◆ **PROBLEM STATEMENT**:
Without copying any picture, return all lines below exactly.

◆ **STORED DATA**:

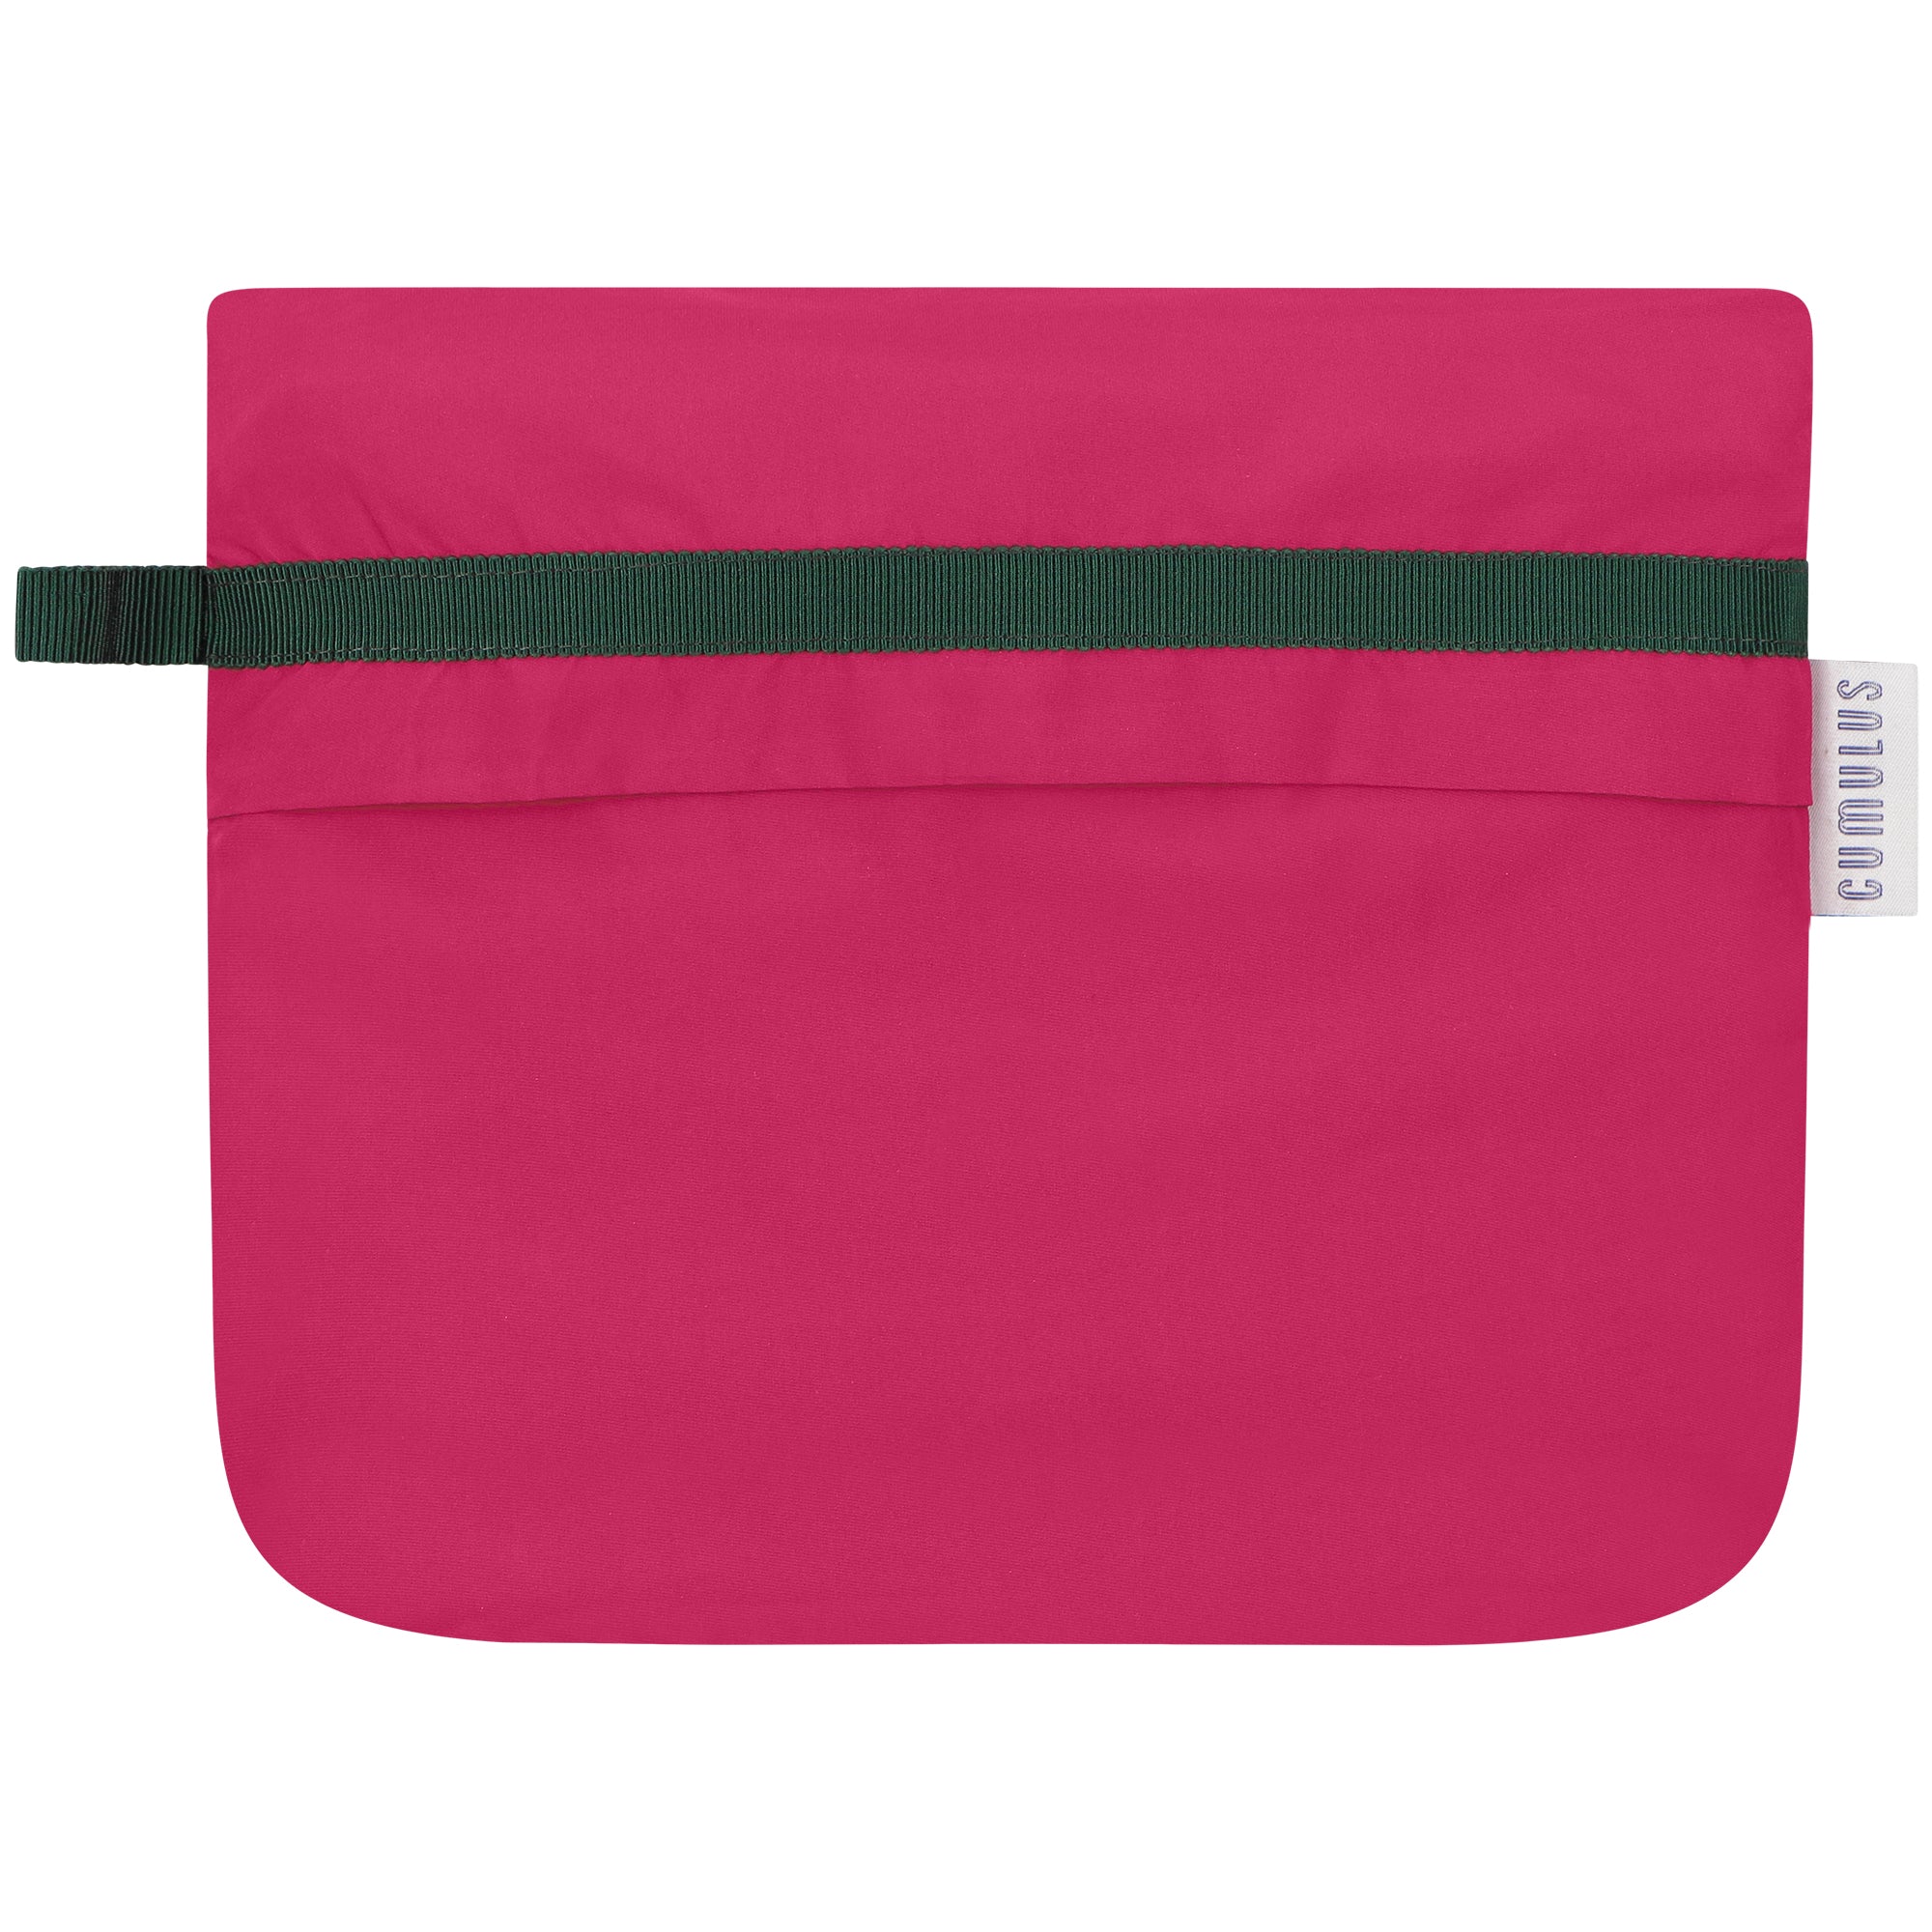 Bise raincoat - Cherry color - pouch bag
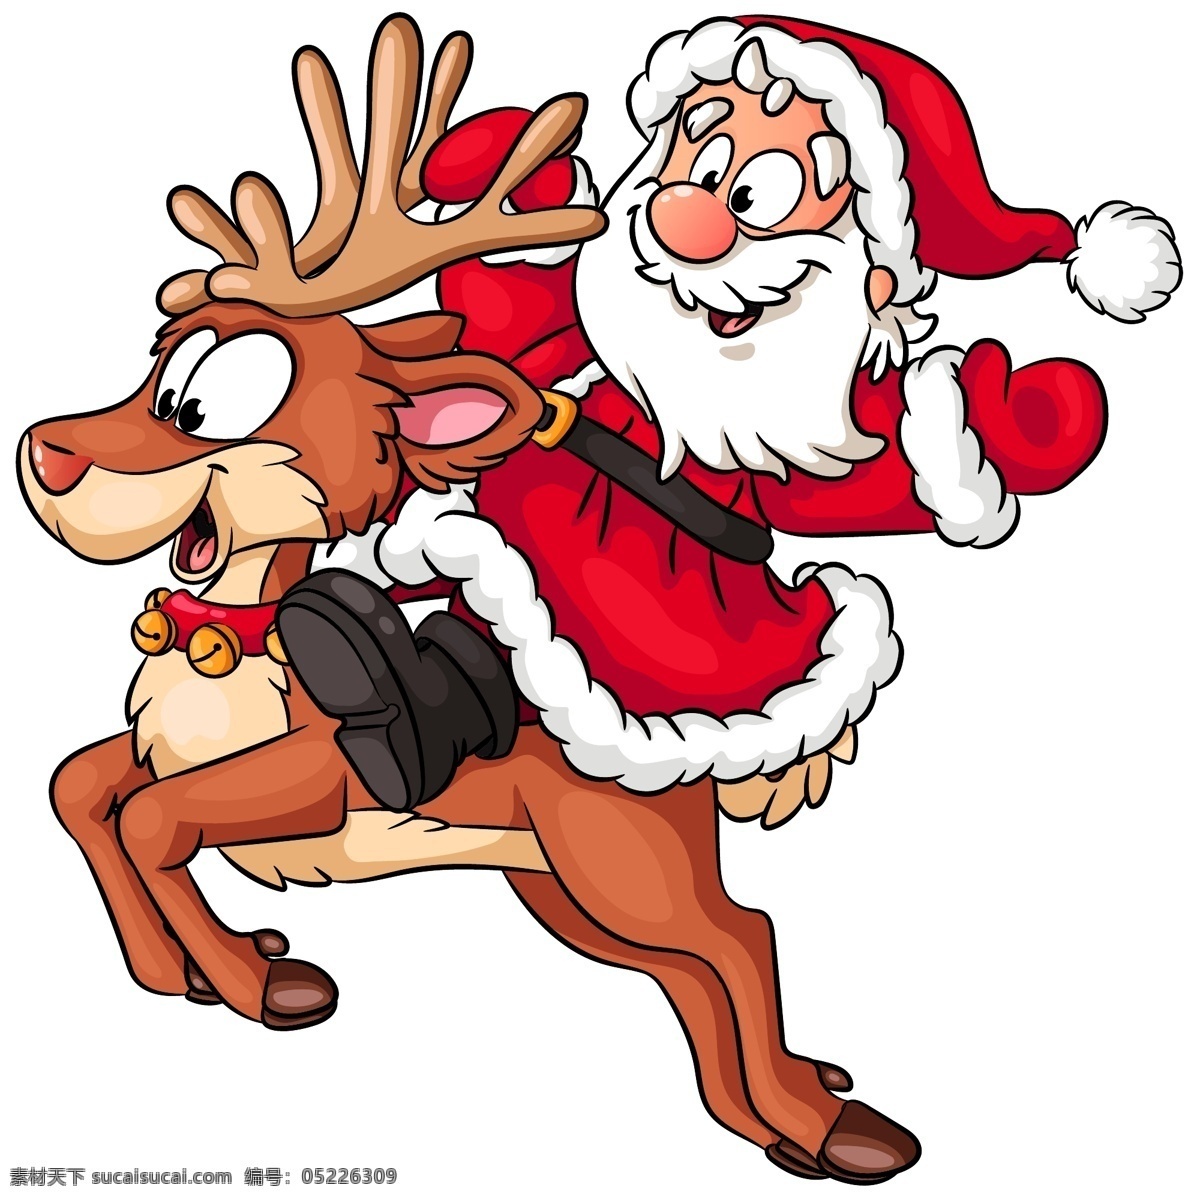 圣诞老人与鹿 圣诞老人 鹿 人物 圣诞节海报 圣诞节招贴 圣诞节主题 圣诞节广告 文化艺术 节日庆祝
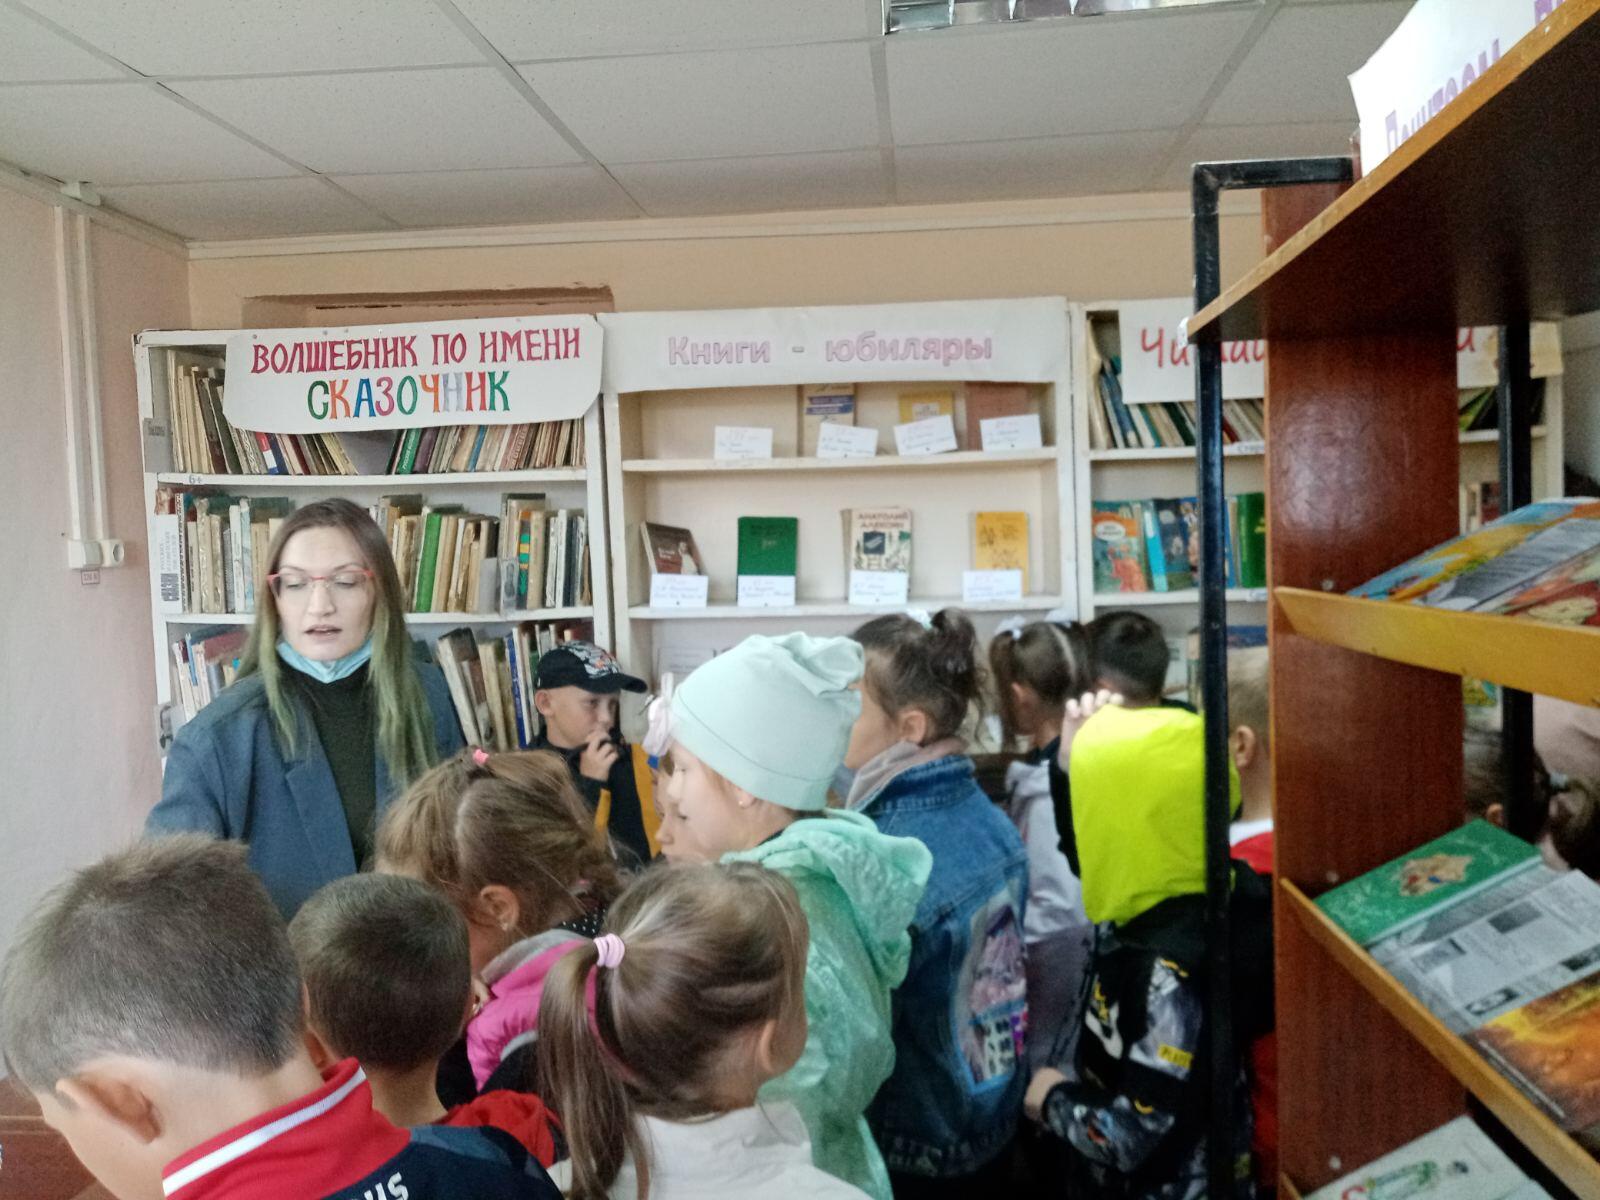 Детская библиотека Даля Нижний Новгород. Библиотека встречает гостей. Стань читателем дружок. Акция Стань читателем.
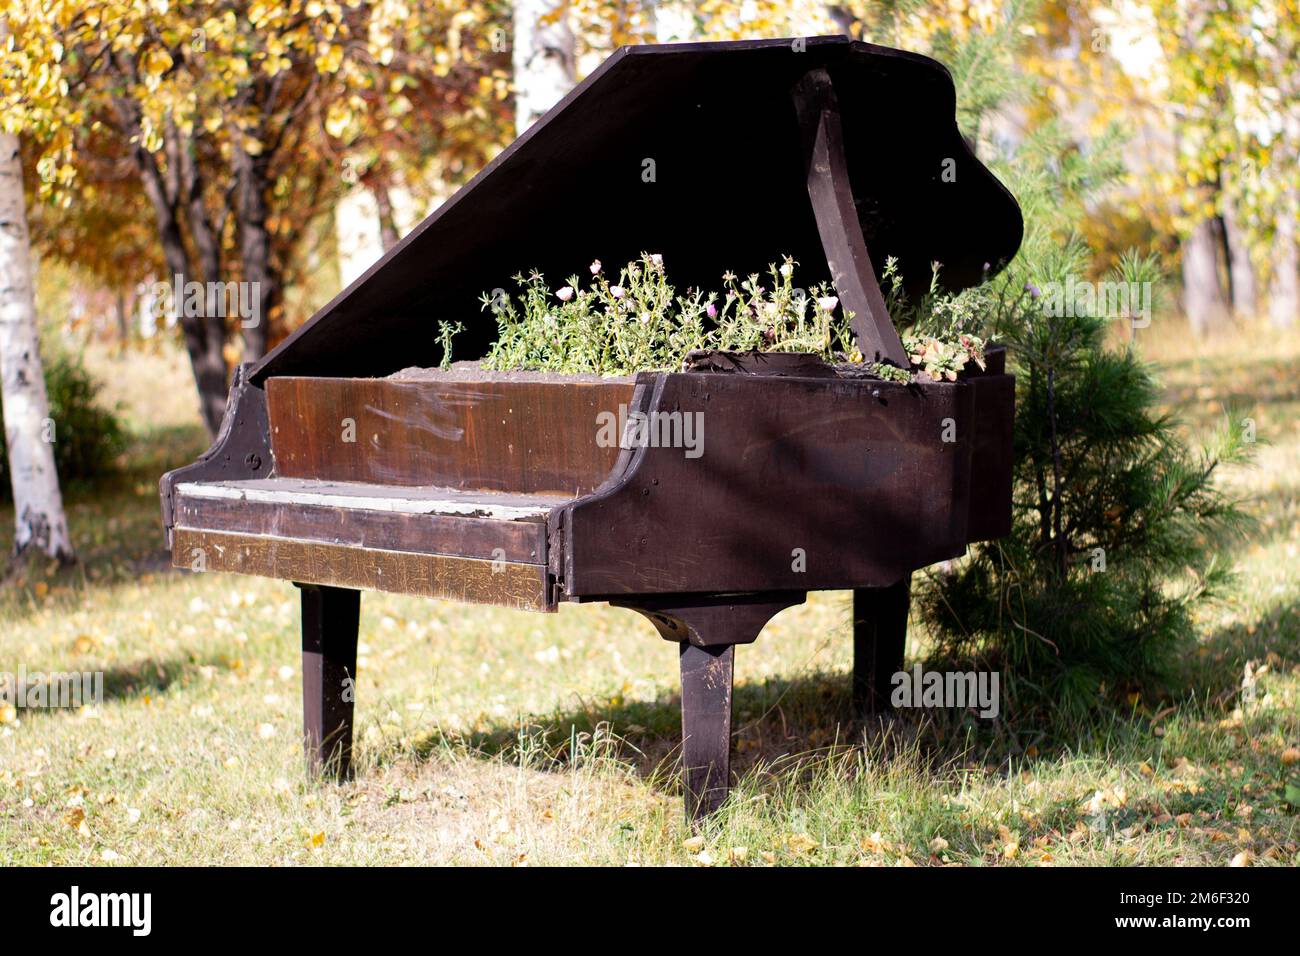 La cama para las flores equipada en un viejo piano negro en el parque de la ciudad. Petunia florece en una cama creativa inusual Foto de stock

◆ **REPLY TO THE EXERCISE**:
 Bise raincoat - Cherry color - pouch bag
 圣诞老人与鹿 圣诞老人 鹿 人物 圣诞节海报 圣诞节招贴 圣诞节主题 圣诞节广告 文化艺术 节日庆祝
 Детская библиотека Даля Нижний Новгород. Библиотека встречает гостей. Стань читателем дружок. Акция Стань читателем.
 La cama para las flores equipada en un viejo piano negro en el parque de la ciudad. Petunia florece en una cama creativa inusual Foto de stock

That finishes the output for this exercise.